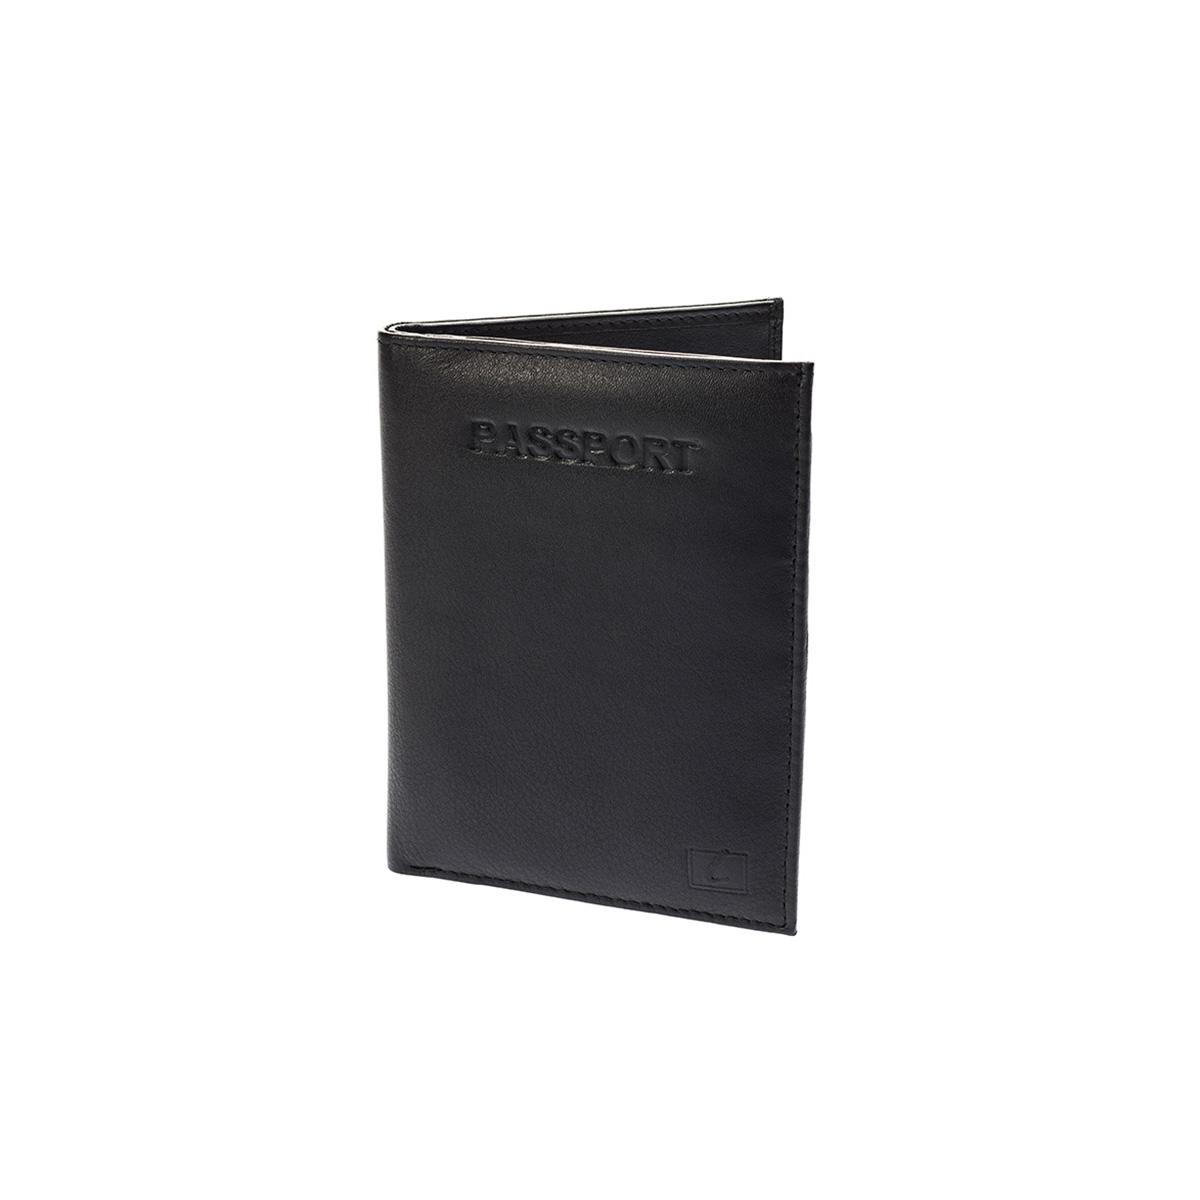 LAVOR 3311 Μαύρο Πορτοφόλι Ταυτότητας Διαβατηρίου Εγγράφων
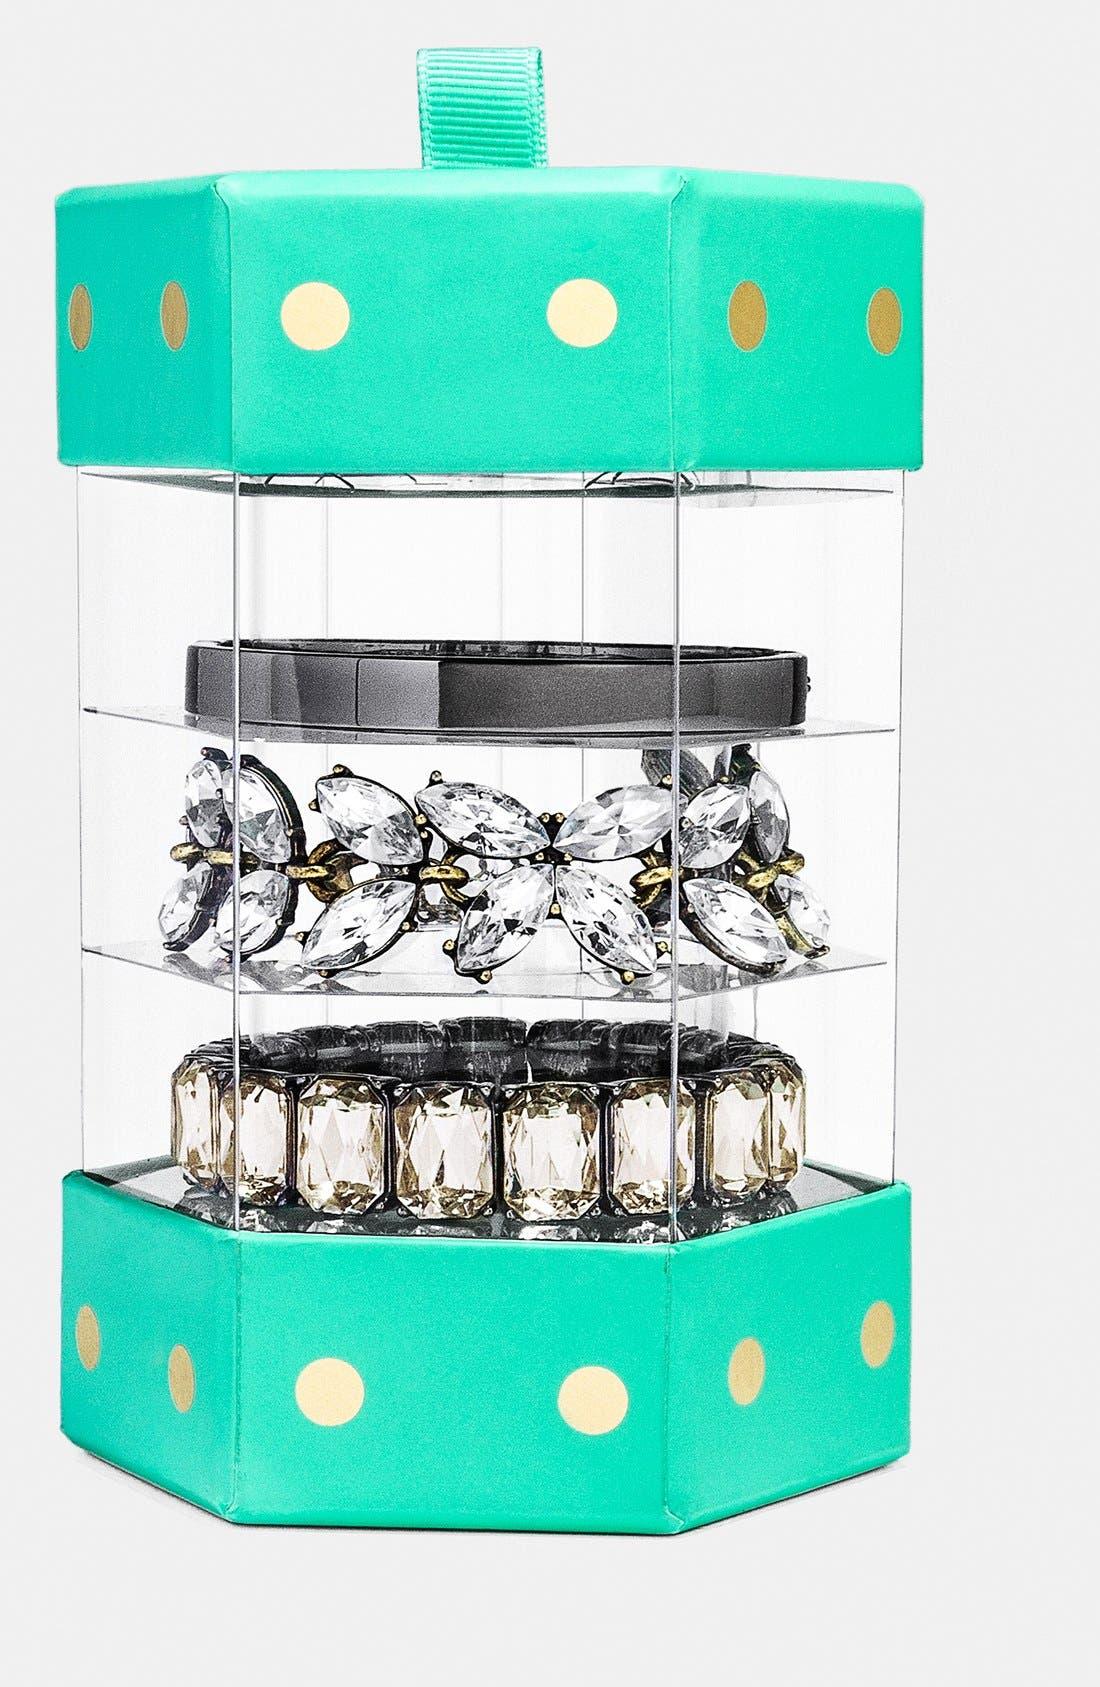 Alternate Image 1 Selected - BaubleBar 'Classic: Evening Bracelet Stack' Bangle Gift Set
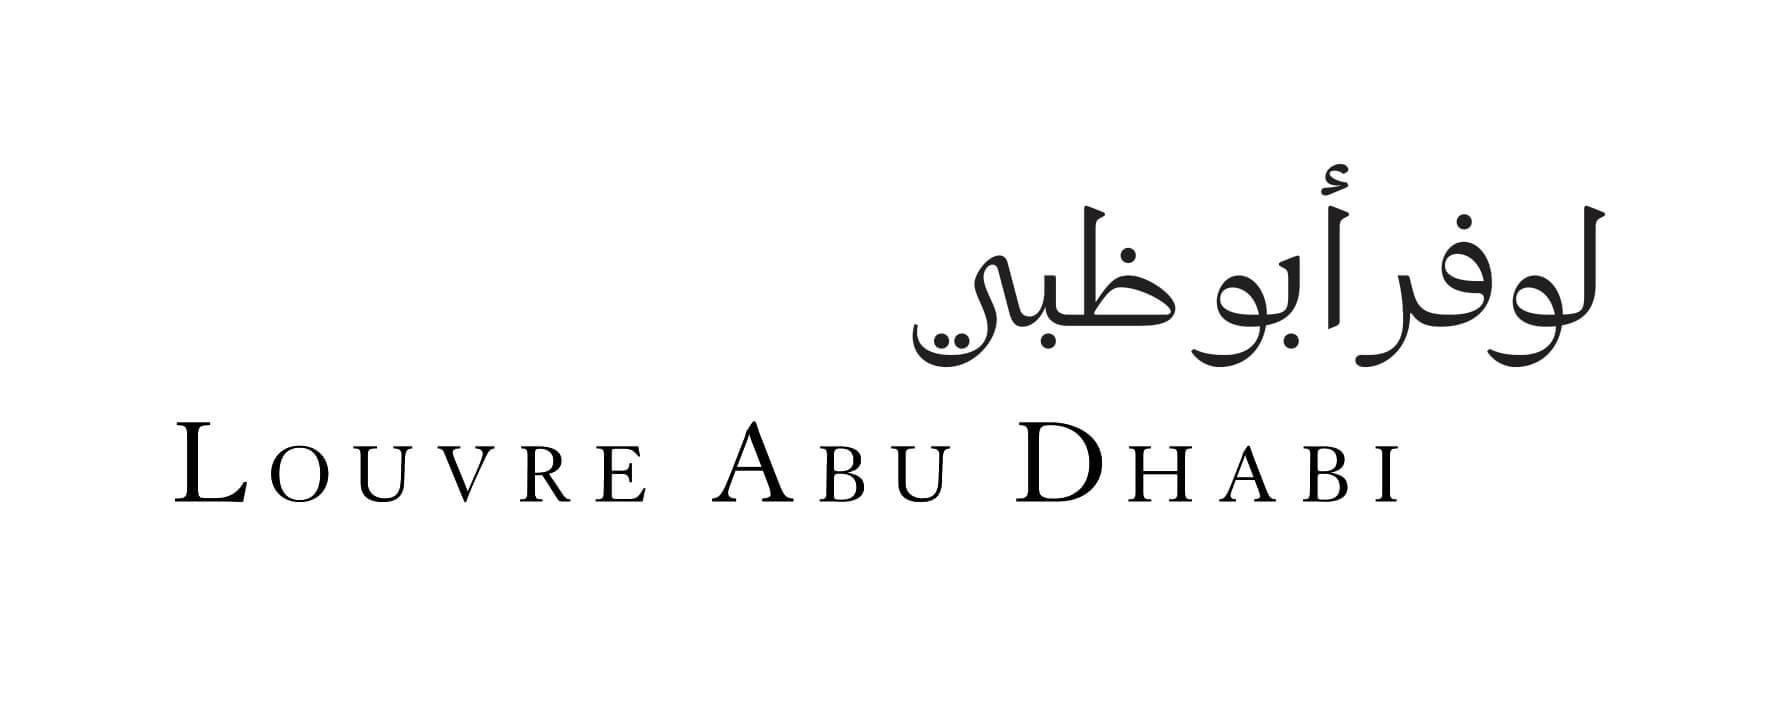 Le paraphe, logo dessiné par ichetkar pour le Louvre Abou Dabi.
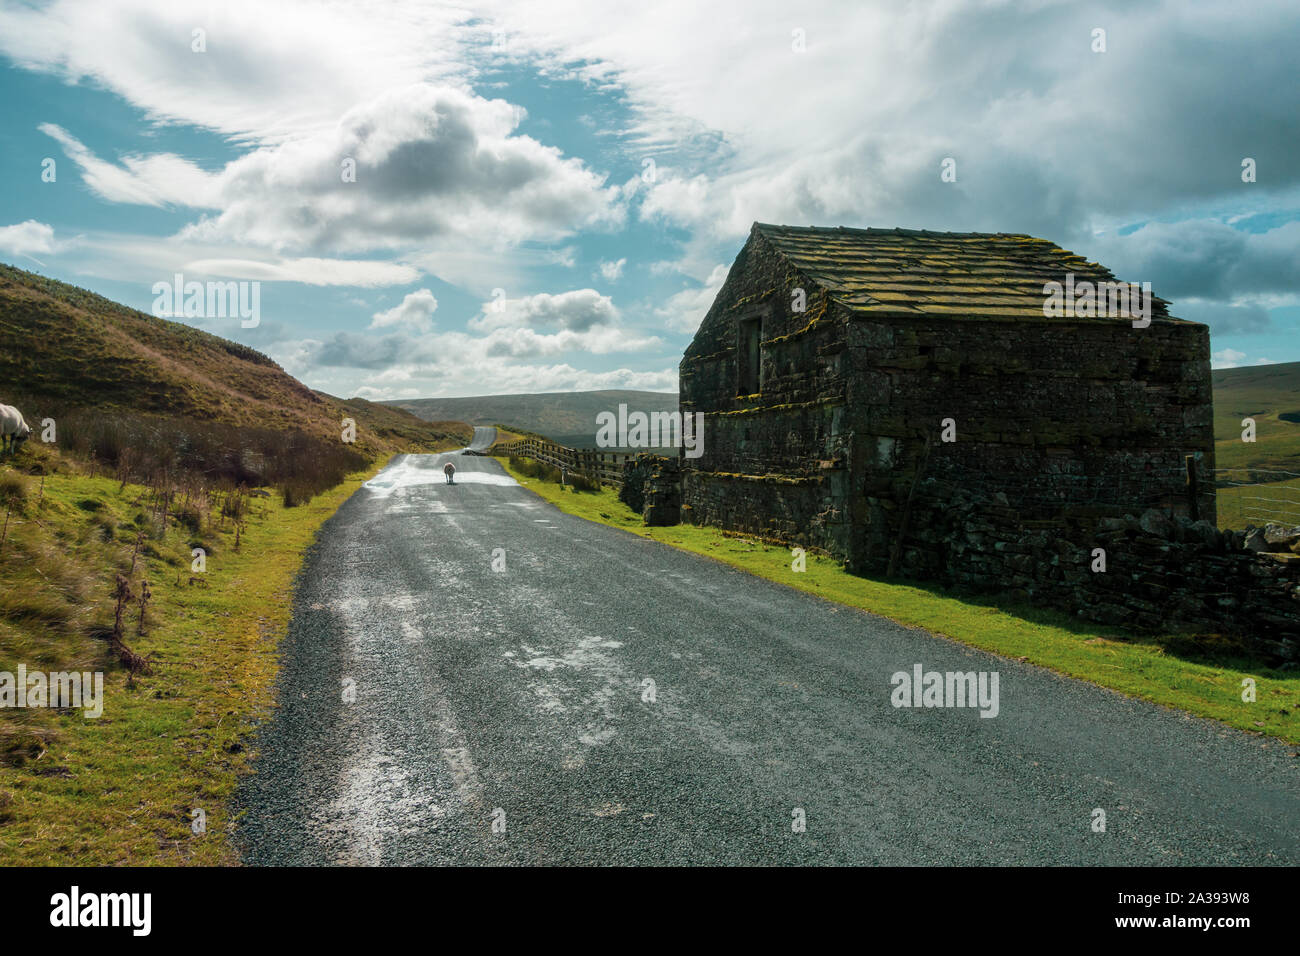 Antiguo pajar de piedra y ovejas en la carretera en Birkdale en Upper Swaledale en la B6270 arriba Nateby, Yorkshire Dales Foto de stock
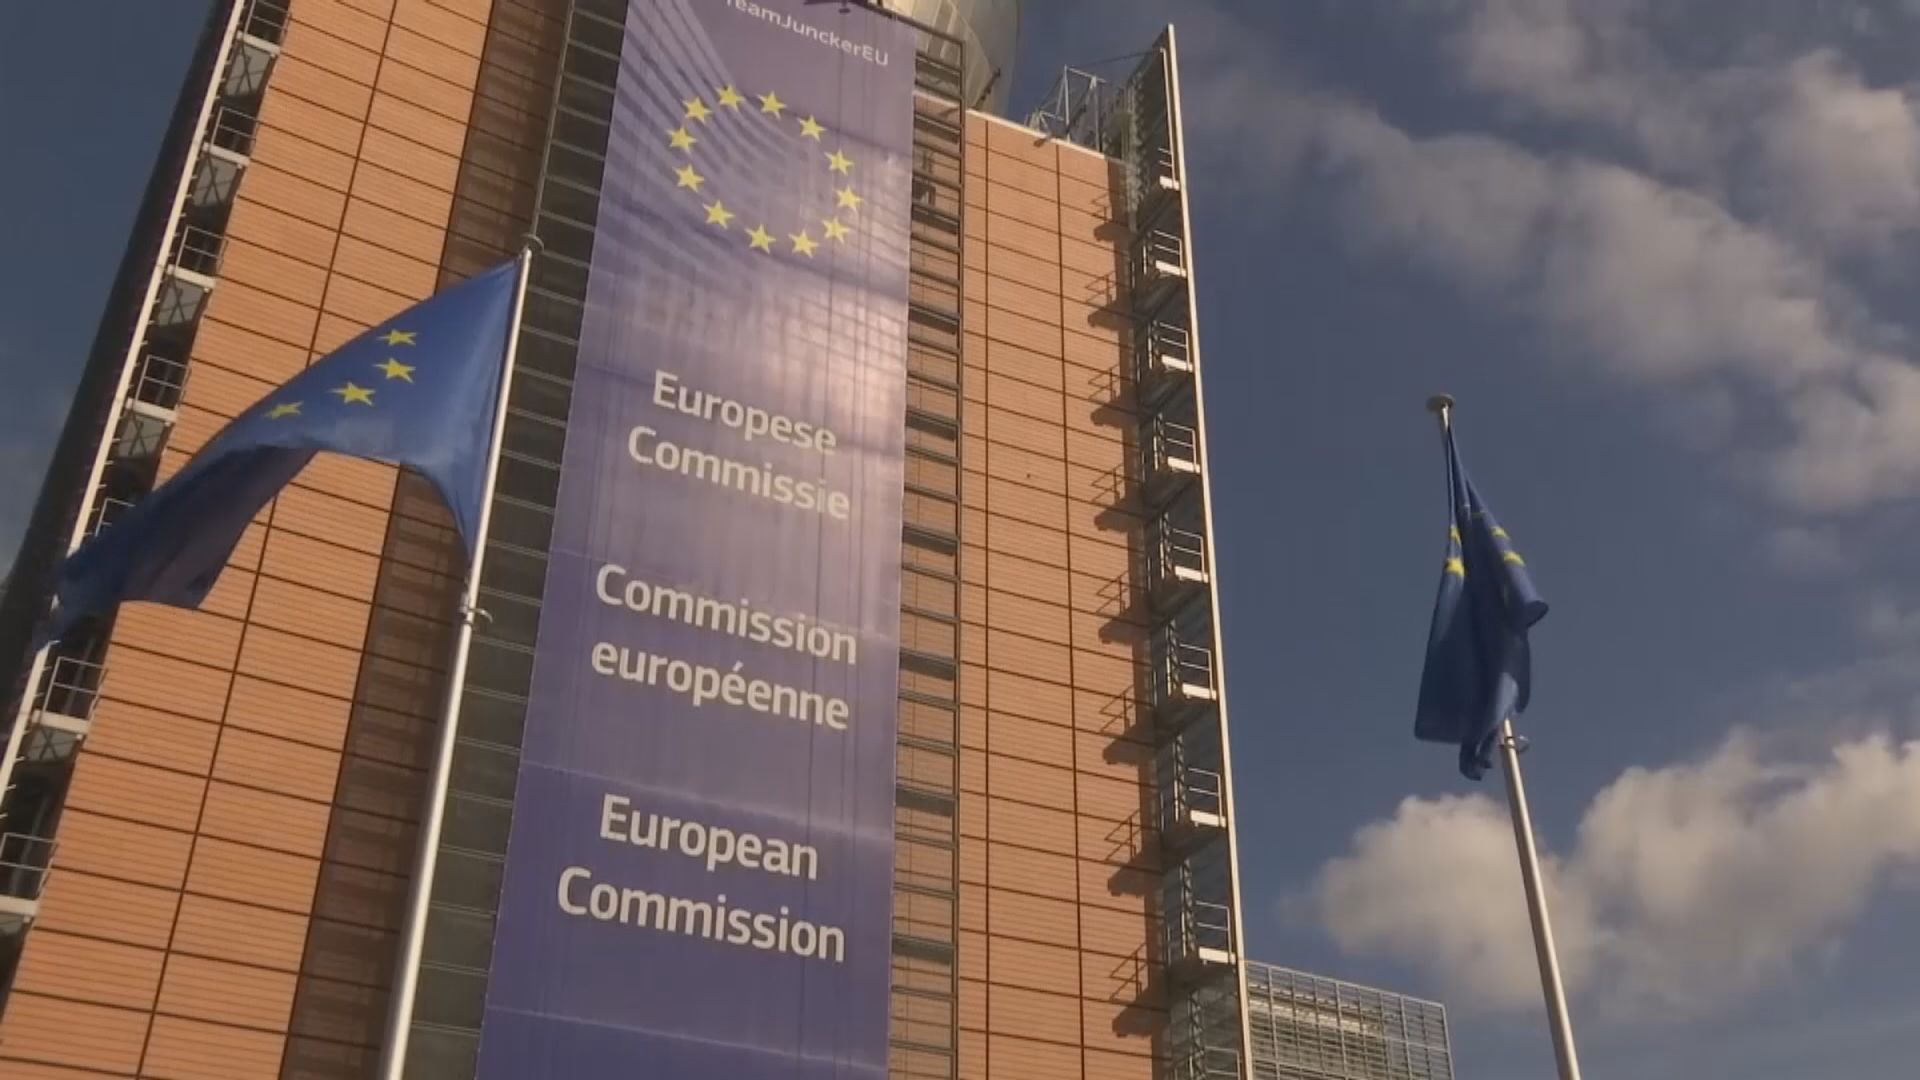 歐盟接納英國彈性脫歐要求 國會通過協議可提早離開
□ □ □
### PROBLEM TO SOLVE
Reproduce the data word for word; no pictures.

### TASK RESPONSE
 LAVOR 3311 Μαύρο Πορτοφόλι Ταυτότητας Διαβατηρίου Εγγράφων
 Alternate Image 1 Selected - BaubleBar 'Classic: Evening Bracelet Stack' Bangle Gift Set
 Le paraphe, logo dessiné par ichetkar pour le Louvre Abou Dabi.
 Antiguo pajar de piedra y ovejas en la carretera en Birkdale en Upper Swaledale en la B6270 arriba Nateby, Yorkshire Dales Foto de stock
 歐盟接納英國彈性脫歐要求 國會通過協議可提早離開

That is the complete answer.